RepositoryMan: February 2010

Thursday, 18 February 2010

Repository Benefits (again)

A well-respected colleague (who shall remain nameless) recently posted a Tweet which likened "repositories with end-user benefits" to "pigs with wings". Shome mishtake, shurely?

As part of my job I am course co-ordinator for the MSc in Web Science here at Southampton. Last week I ran an Industrial Liaison day for the course, at which the students made poster presentations of their work to the industry representatives. It was a fantastic time, and the attendees all commented on how stimulated they had been by the posters. Consequently, the secretary who had printed out all the posters was able to give me a ZIP file which I then uploaded to our teaching repository. (See http://www.edshare.soton.ac.uk/4790/.) Now I have a record of a key part of the event that I can share with the industrial delegates. It was quicker than me creating a bespoke website, or uploading them to my home page. Plus I can use it as a marketing and publicity resource for attracting other students. And the students are happy because they have learned that their contributions aren't just "marking fodder", but they have valuable statements to make to a public audience. Win, win, win.

Not so much pigs with wings as pigs with snouts: you have to sniff out the opportunities. Or even carpe suem!

Friday, 12 February 2010

How Repositories Can Contribute Linked Data

I've been working a lot with our repository and Linked Data teams (thanks to Hugh Glaser, Nick Gibbins and Iain Millard) on the JISC dotAC project. One of the great things about that project has been the opportunity to really get our heads around the role of repositories in the Semantic Web and the Linked data world. Now that the project has finished, I've finally had the opportunity to sit down with Chris Gutteridge and braindump our understanding so far. The following is a description of how EPrints (v3.2 beta) exports its holdings as Linked Data. It all comes down to how it uses and resolves URIs. (Like it says at the bottom of this posting, please send us comments!)

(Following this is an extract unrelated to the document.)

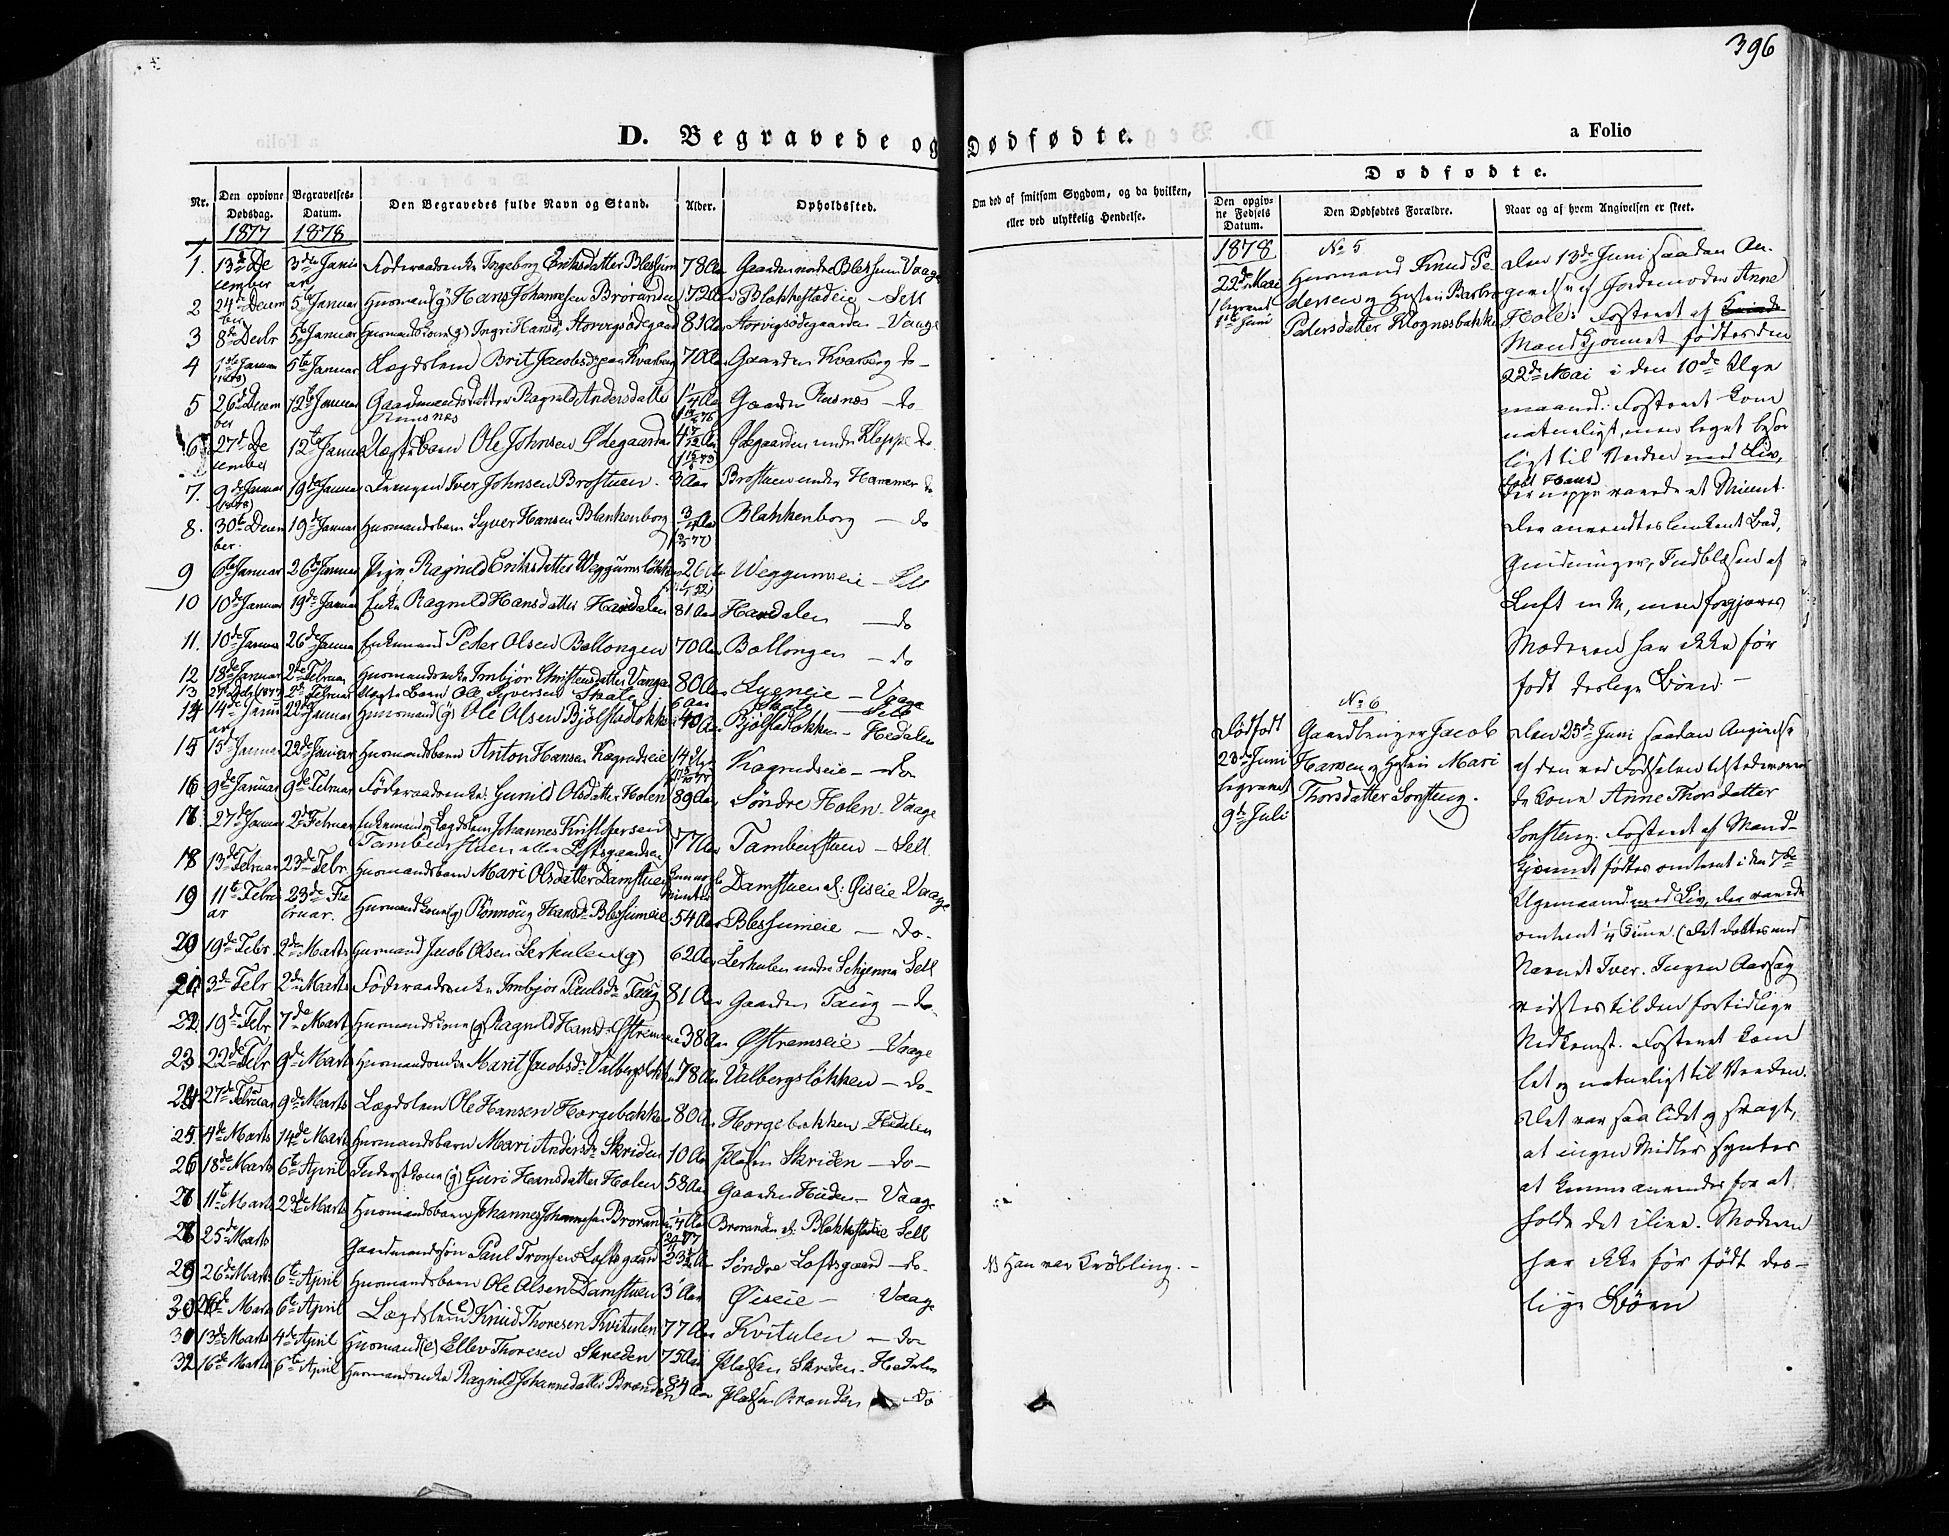 SAH, Vågå prestekontor, Ministerialbok nr. 7 /1, 1872-1886, s. 396

We ASSIGN a URI to all the significant entities that the repository owns: specifically, eprint, document, file, user, and "subject taxonomy" objects.

These URIs will generally be of the form http://repository.com/id/type/id where type is eprint, document etc and idis unique within the scope of the repository.
The official URI of an eprint is of the form http://repository.com/id/eprint/id whereas the official URL of an eprint is of the form http://repository.com/id . The latter has historically been the URL of the eprint's abstract or splash page.
Where possible, resolving a URI will result in a "303 See Also" redirection to the URL of the most appropriate format export, based on content negotiation of available exporters (disseminators).
However, if text/html is deemed most appropriate for an eprint, it is redirected to the standard URL of the abstract page.
For a sub-object (e.g. documents and files of an eprint) the URI is redirected to the ancestor object.
Similarly, subjects redirect to the top-level subject.
Eprint and document objects have special "relationships" fields which allow arbitrary predicates/objects to be attached to the document/eprint.
Documents of format text/n3 and application/rdf+xml (which like all documents have their own URLs inside the repository) are linked to the parent eprint via an rdfs:seeAlso statement. This allows arbitrary triples to be associated with any eprint, irrespective of the repository schema.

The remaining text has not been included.